Explains their fingerprint method [wing.rug.nl]

msgraph

6:56 pm on Feb 1, 2001 (gmt 0)

Sorry NFFC but I have to say thanks again.

Just finished looking through all of it and the references. That was one of the best documents I've read in a long time explaining certain spidering methods. Now I understand why they have grabbed almost every page on all my domains with various Mercator spiders.

I wonder if when they finish tweaking out Mercator they will use all the data collected to power other search engines. Similar to what Inktomi does? Or will they keep it for themselves? Probably the latter.

tedster

8:00 pm on Feb 1, 2001 (gmt 0)

Very interesting, especially the fingerprinting checksum scheme to avoid duplicates.
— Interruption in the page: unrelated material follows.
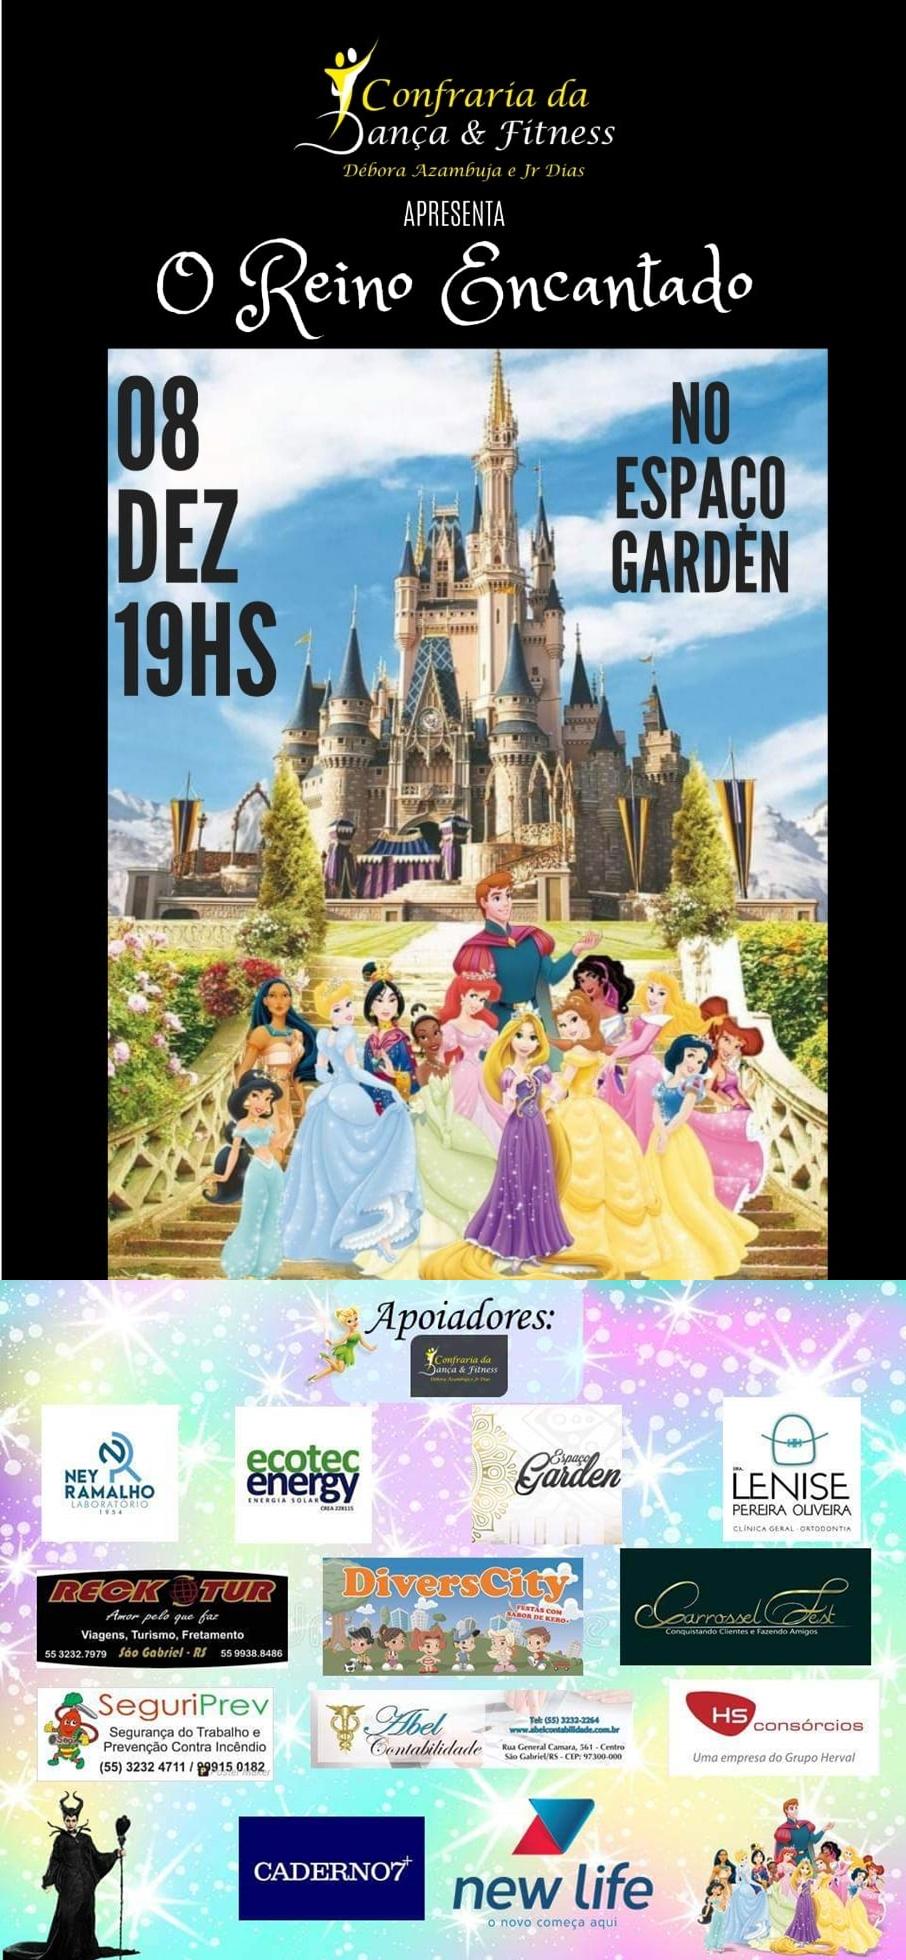 8 de dezembro - O Reino Encantado - Confraria da Dança e Fitness

I noted that, even with this fingerprint technique, Mercator still downloaded 8.5% duplicates. I'm not clear where the loophole is. Did anyone catch that?

NFFC

8:27 am on Feb 2, 2001 (gmt 0)

>still downloaded 8.5% duplicates

They say they struggle in two particular areas:
Alternative paths on the same host;
Replication across different hosts;

They still download these types of duplicates but after running the content-seen test do not process all but the first copy. This means that the URL's from these documents are not followed as they are assumed to lead to duplicate content.
On a practical level this could have serious implications for many "valid" sites. Imagine a large geographically spread company, with hosted sites in many different countries/domains, using the same initial "corporate" index page which leads to localised content within the differing sites. I have seen this with a recent client with over 150 regional branches/domains, their "local" domains were effectively banned from many SE's.